Клавишей “Backspace” он подтянул на видимый текст следующий вопрос, пытаясь уйти от мрачного редакторского задания. Но и там оказалось не легче.
6.Как будут люди вспоминать вас?
“Кто? – сразу возник в голове встречный вопрос.  – Родители, Таис, сеньор Марчелло, Шакер Саллам?” – он задумался. Медленно, постепенно, боясь кого-нибудь забыть, перебирал в памяти студенческих друзей-товарищей: весёлых, отчаянных, по-юношески бескомпромиссных. Человек десять набиралось. Но они уже не знали его – нынешнего. Вспомнился Кирилл Николаевич – человек странный, до конца Александру непонятный со своими “слонами”, на которых он путешествовал в прошлое. Тут же, услужливая мысль перенесла Александра в самое любимое место его жизни на берег деревенской реки, под ветвистые ивы, туда, где настиг его звонок Кирилла Николаевича и перевернул всё. И равновесие жизни, основанное на вырабатываемом годами порядке, - разрушилось и сместилось в сторону беспорядка, хаоса и страха.

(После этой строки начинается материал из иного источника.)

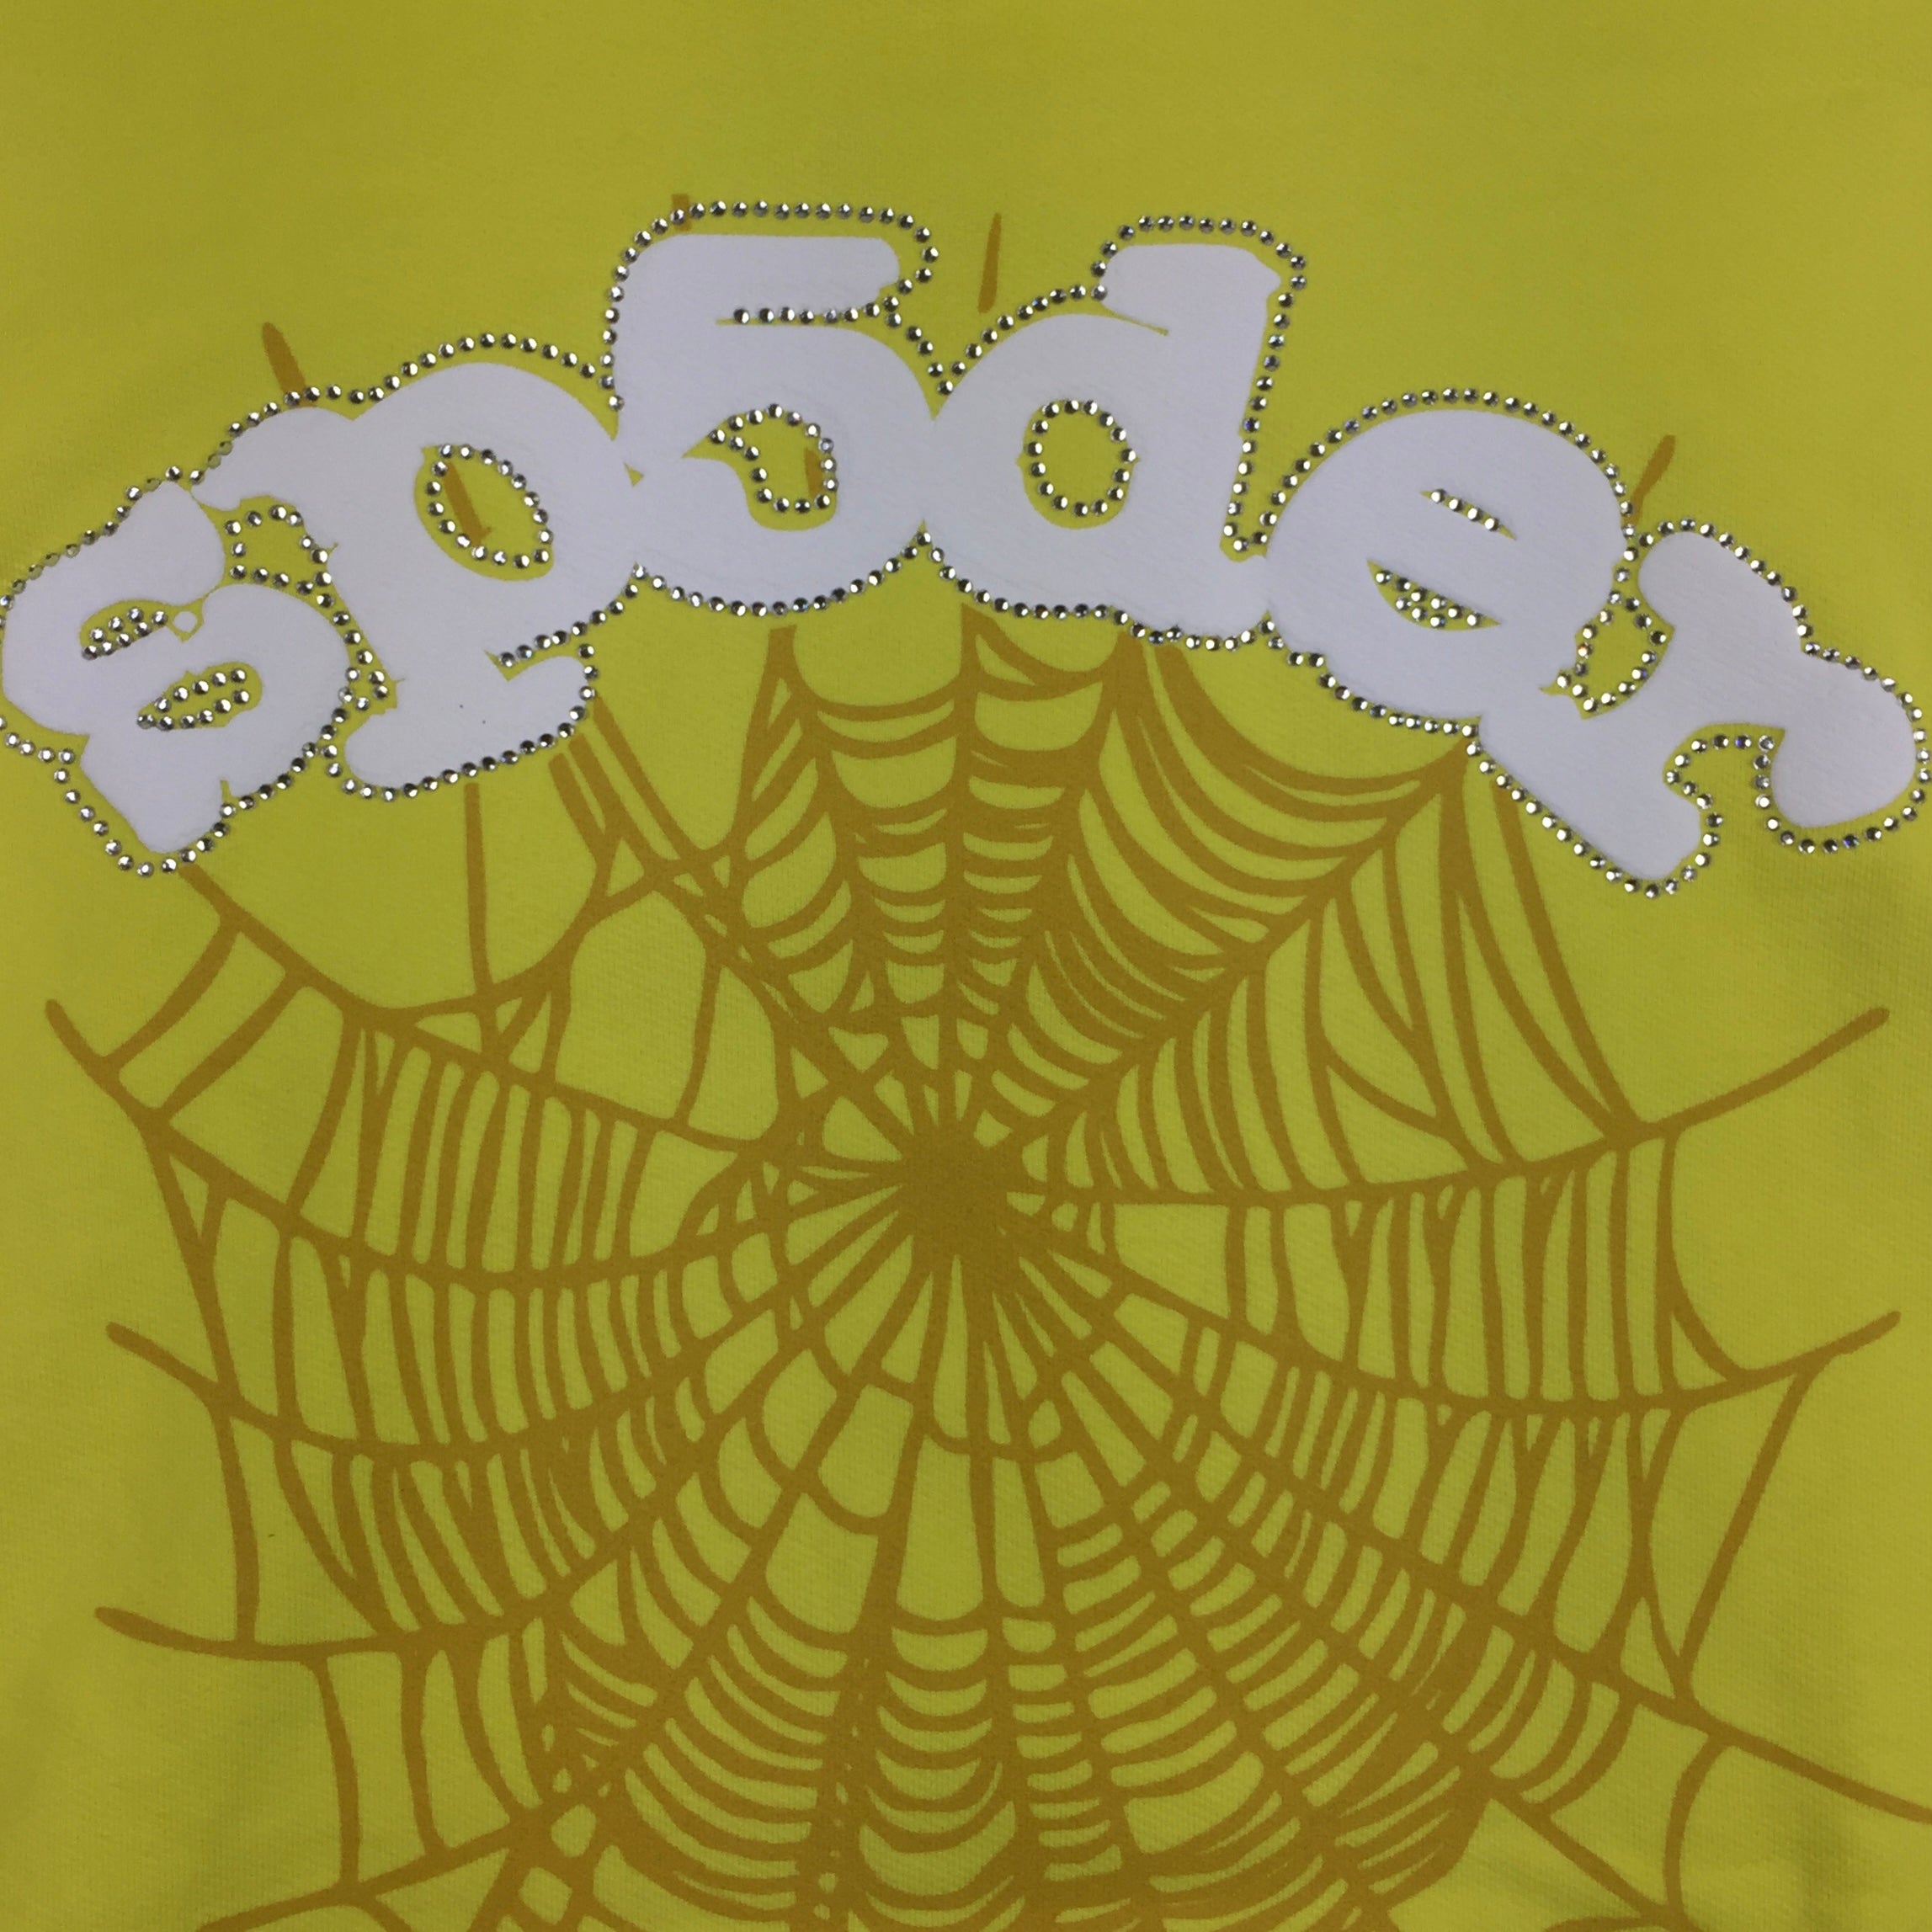 Spider Worldwide Yellow Websuit Hoodie
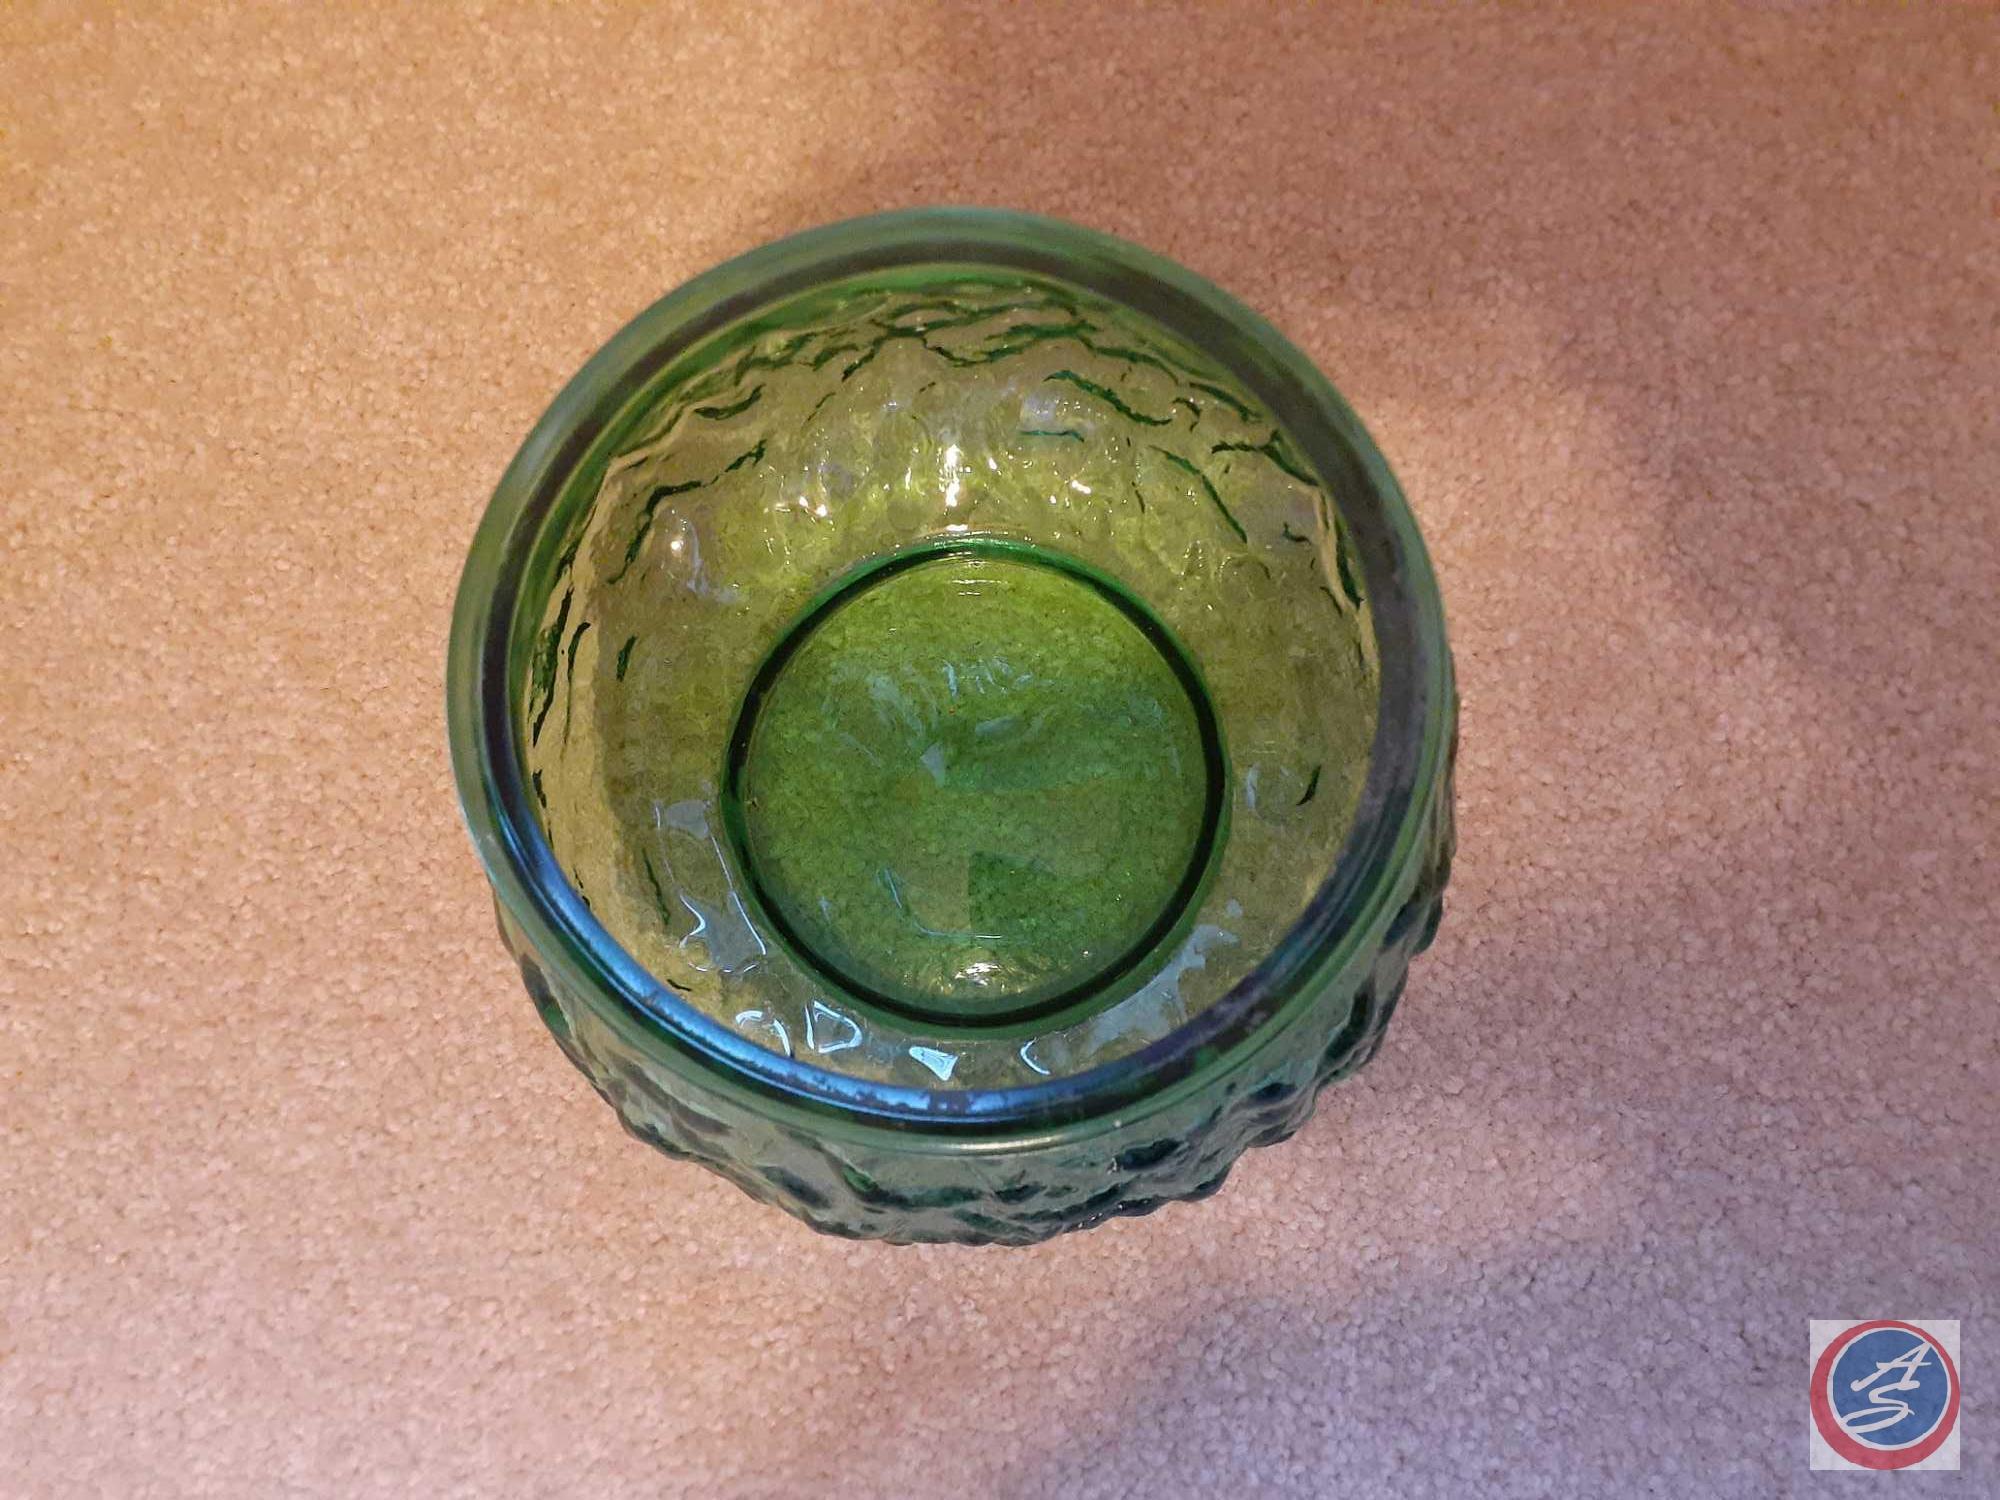 Original DeeBee Co. Imports Decorative Plate of Jesus, (2) E.O. Brody Company Green Glass Pieces,

Неожиданно Александр обнаружил в себе мерзкое желание мести к человеку, принесшему плохую весть. Он поймал себя на мысли, что, может быть,  и Кирилла Николаевича “слоны” – часть процесса умирания? Только тот не догадывается об этом. Не читал о том, что “подсознательная память о прошлом поведении может в физическом и психологическом отношении разрушать его теперешнюю жизнь”?xcvi
“Но у него естественный процесс старения, - отстранённо подумал Александр, но тут же с ужасом вспомнил о родителях. – Они почти ровесники Кириллу Николаевичу.  О какой старости по отношению к ним может идти речь?! Он, единственный для них сын, никогда не доставлявший им неприятностей, а уж тем более бед, и вдруг принесёт семье ужас и пустоту!? Нет! Он должен жить ровно столько, сколько необходимо, чтобы жили они”.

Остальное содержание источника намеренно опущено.